As a young man, my grandfather played semi-pro baseball while attending business college, but then WWII changed everything. Disappointed, he had to give up both baseball and college to work as a surveyor constructing an army base.
When he married my future grandmother, they started young and poor. Surveying work relocated them several times. Eventually they lived in a garage apartment far from their hometown – two children, husband, and wife in a one-bedroom apartment with a foldout sofa bed.
Their third child was stillborn, a little boy. That same year, my grandmother’s brother lost a two-year-old boy who accidentally drank gasoline as his father was working on the car. About a decade later, that brother committed suicide. Horrific losses!
My grandpa’s father suffered a heart attack in his forties. Though my grandfather loved surveying, as a dutiful son he returned home to farm their land, even though his parents had sold the farm where he’d grown up. Thinking it would better suit the young couple with a growing family, they had bought the next farm over – drier farmland, but with a large house on it.
However, ongoing drought made this farm with no water difficult.
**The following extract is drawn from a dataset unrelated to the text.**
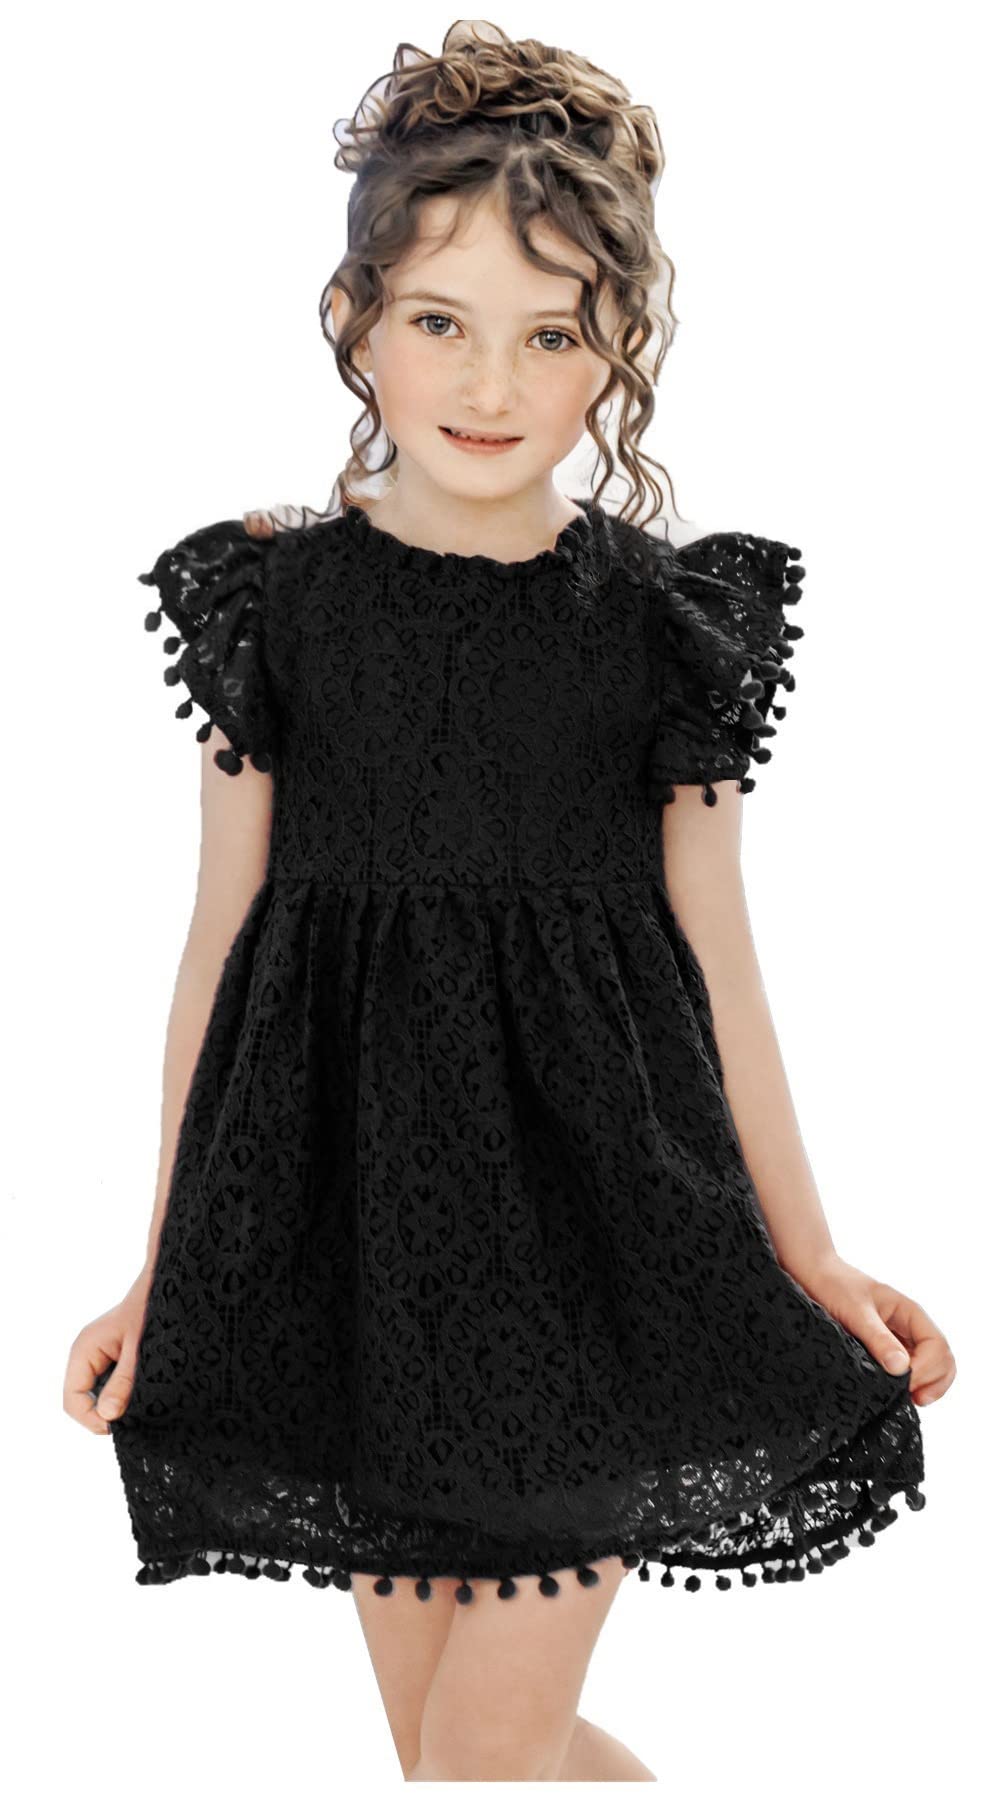 Sunflower Lace Pom Pom Trim Girl Dress in Black - 2BUNNIES

Supplemental income was needed. They started a business. They lost the business. Then, eventually, they lost the farm.
Once my grandparent’s children were all grown, those children obtained degrees and moved elsewhere. My grandparents’ children had bigger dreams, and having given up their own dreams, my grandparents encouraged their children to chase those dreams.
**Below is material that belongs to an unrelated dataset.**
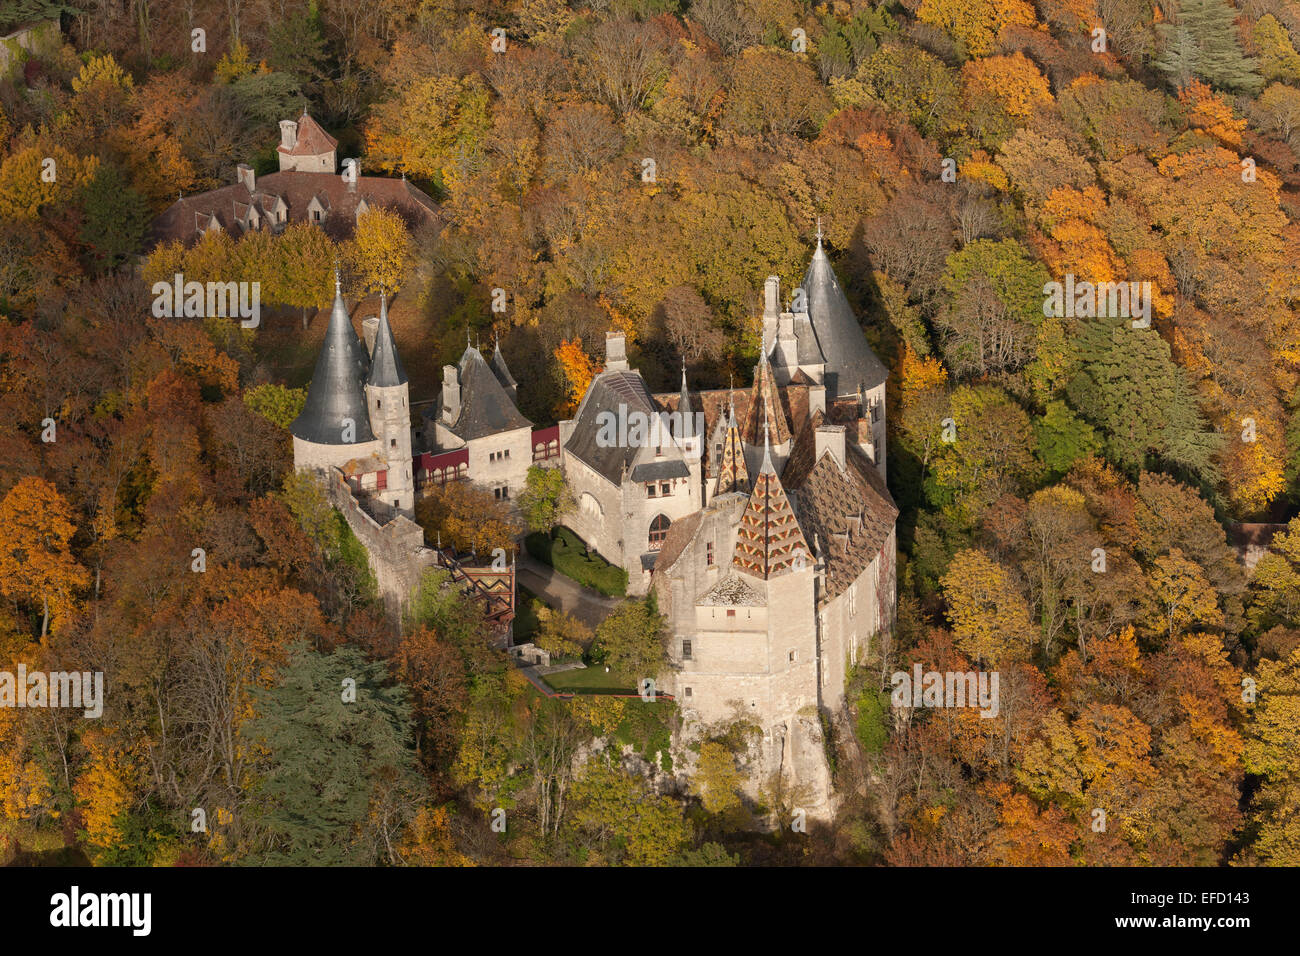 VISTA AEREA. Castello medievale in una zona boschiva dai colori autunnali. Castello di la Rochepot, Côte d'Or, Bourgogne-Franche-Comté, Francia. Foto Stock

The children returned for visits, but most days only one of their four children lived anywhere near. Their home was now quiet, the children gone. And then, Grandpa died young. Fourteen years later, so did Grandma.
This wasn’t the idyllic family life I had imagined. I’ve faced my own trials and hardships, and now that I’ve removed the idealized memories and focused on the reality, I find several important truths.
When my teenage husband first met my widowed grandmother, he thought she was the first Christian he’d ever met. Of course, that wasn’t true. But those losses and that suffering coupled with her trust in God had transformed her. Faith made her kind through hardship, a comfort to others in their own hard times.
While focusing on growth into a woman of her character, I had also aimed at something I couldn’t control – all my family living near me, surrounding me with laughter and harmony. What we really want is for our children to love Jesus, to find their place in the world, and to branch out and achieve their dreams.
I wanted this. But I thought I could have all of it. Usually, you cannot.
I need not pine for that impossible mothering dream. That is not the path God gave us. We have encouraged our children to seek their dreams and to pursue what God has created them to do, and thus we follow my grandparents’ example of loving their children. The rest is in God’s hands.
To be selfless, to be sacrificial, to grow through trial, and to love the Lord increasingly throughout my lifetime as a mother is the growth I seek. That is how my grandparents lived. That is what I pursue with God’s help. That is a dream worth pursuing all my life.
Do you have an ideal for which you strive, but never seem to attain? Have you had any impossible dreams that you’ve pursued as a parent?